In 2002, after the devastating Kutch earthquake, Modi extended this pattern to disaster recovery. Rejecting routine bureaucratic models, he directed his team to study Kobe’s earthquake recovery in Japan and connect with its planners. But he was clear: models were not to be imported wholesale. Instead, these insights were reshaped into solutions Gujarat urgently needed, such as earthquake‑resilient housing, safer construction practices, and community involvement. This became a benchmark for rehabilitation in India, showing how a crisis could become a testing ground for blending international knowledge with Indian initiative. As Prime Minister, he continued this discipline, visiting river‑cleaning projects in South Korea with the intent of applying their lessons to Namami Gange.

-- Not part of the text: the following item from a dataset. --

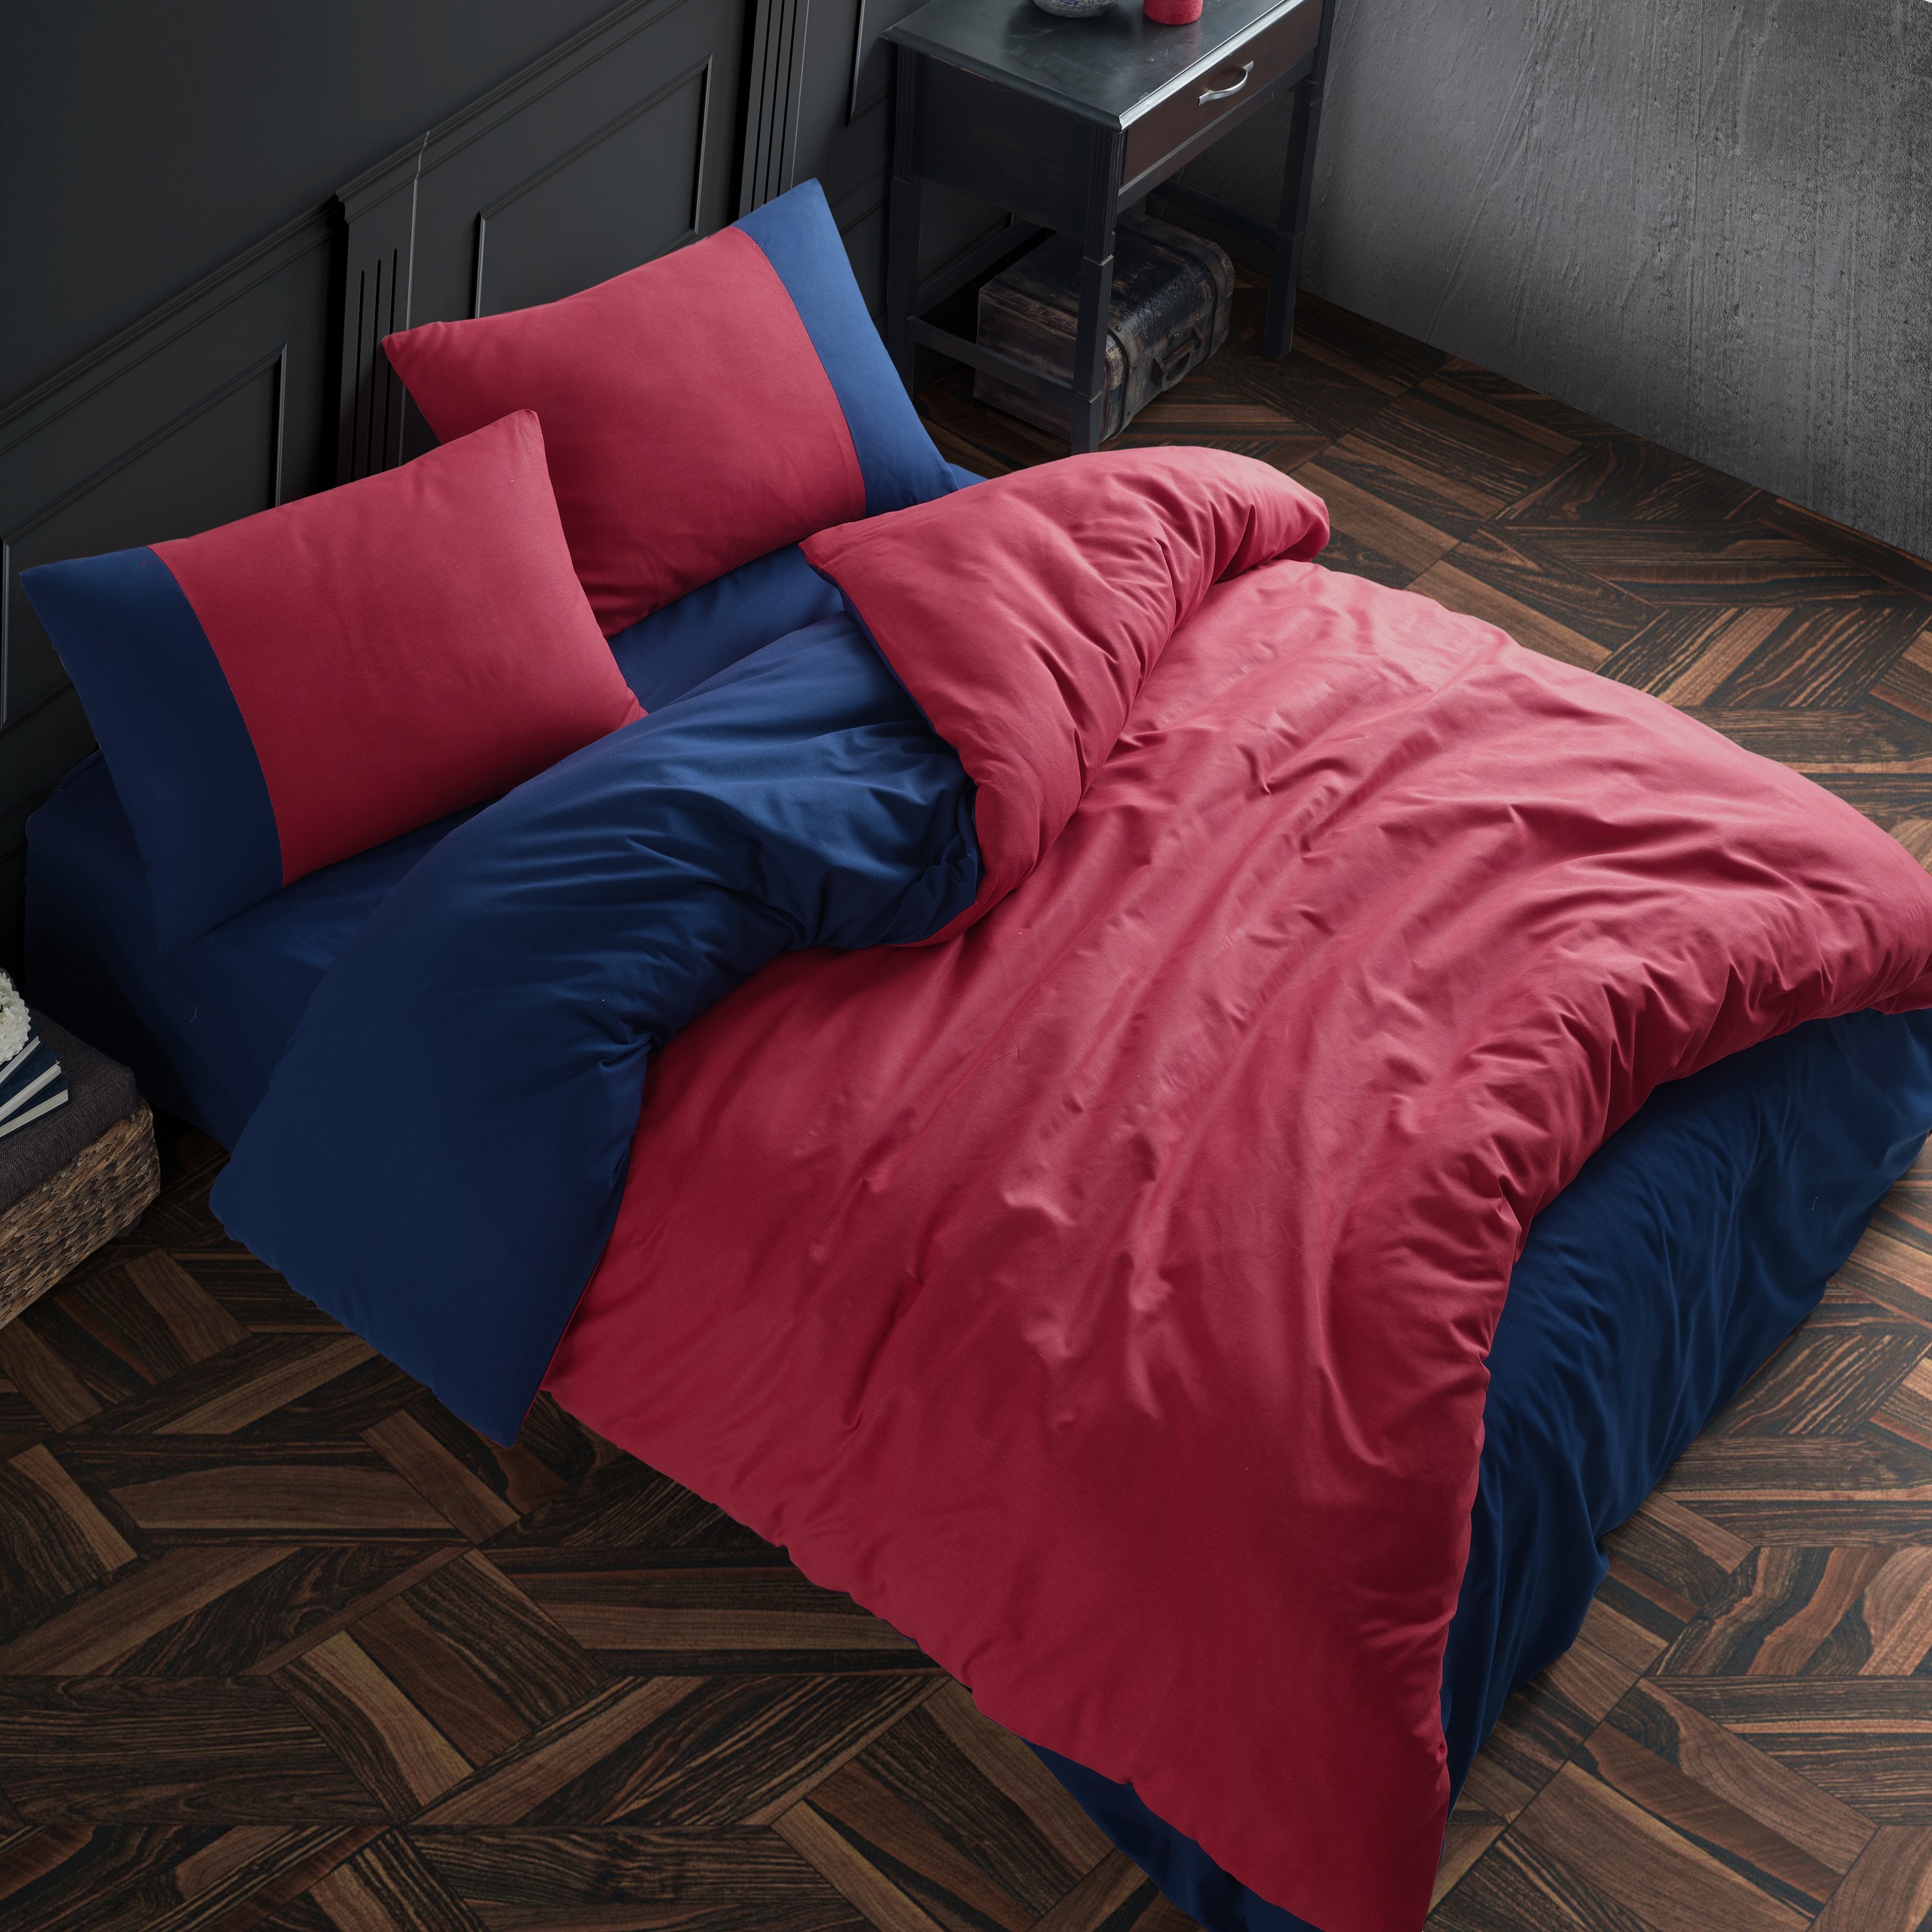 Комплект постельно белья ATLASPLUS евро наволочки 50х70 см ранфорс красный синий
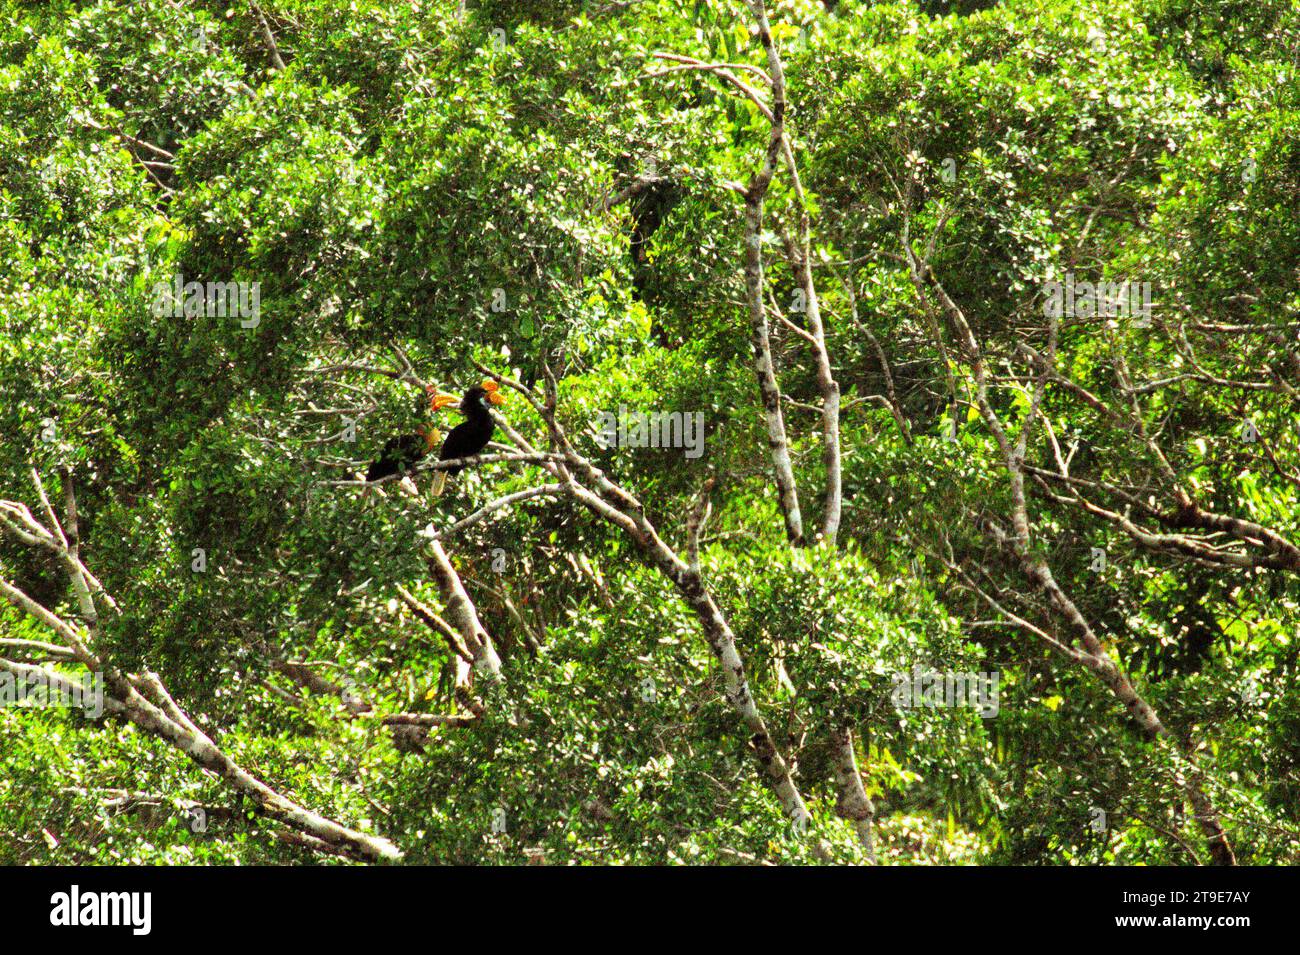 Ein Paar Noppenhornvögel (Rhyticeros cassidix), eine monogame Art mit langsamen Brutraten, wird auf einem Baum in einer vegetarischen Landschaft am Fuße des Mount Tangkoko und Duasudara (Dua Saudara) in Bitung, Nord-Sulawesi, Indonesien, fotografiert. Nashornvogel, der aufgrund des hohen Wertes ihres Fleisches, ihrer Kaskaden und ihrer Schwanzfedern für die Jagd anfällig ist spielt eine wichtige Rolle bei der Waldregeneration und bei der Erhaltung der Dichte großer Bäume durch seine Fähigkeit als Saatgutverteilungsmittel, während gleichzeitig ein gesunder Regenwald durch seine kohlenstoffabsorbierende Rolle bei der Bekämpfung der globalen Erwärmung wichtig ist Stockfoto

He has shown equal enthusiasm for ideas that emerge from within India. A striking example of this is nano urea, an innovation born from a suggestion to the PM by a young scientist. Modi immediately recognized its potential and pushed for its development. Today, one small bottle of it can replace a sack of conventional fertiliser, reducing costs and lightening farmers’ loads. The same openness shapes government programmes: when public feedback was sought for naming the financial inclusion scheme, it was citizens who coined the term “Jan Dhan.” By encouraging innovation from both scientists and ordinary people, Modi demonstrated how homegrown ideas can be elevated into national solutions.
Together, these stories reveal a consistent thread in Modi’s life. From fixing a seemingly minor discomfort at a temple, to designing a modern city, to rebuilding a devastated region or adopting a breakthrough fertiliser, his process has remained the same: observe the situation with care, identify what the people actually need, and act decisively to fulfil it. Following the Indian philosophy of “Āno bhadrāḥ kratavo yantu viśvataḥ” (let noble thoughts come from all directions), Modi actively seeks insights from every journey and interaction and steadfastly works to utilize them to drive India forward. Ultimately, every idea he pursues is for the people, rooted in their lives and their aspirations for a Viksit Bharat.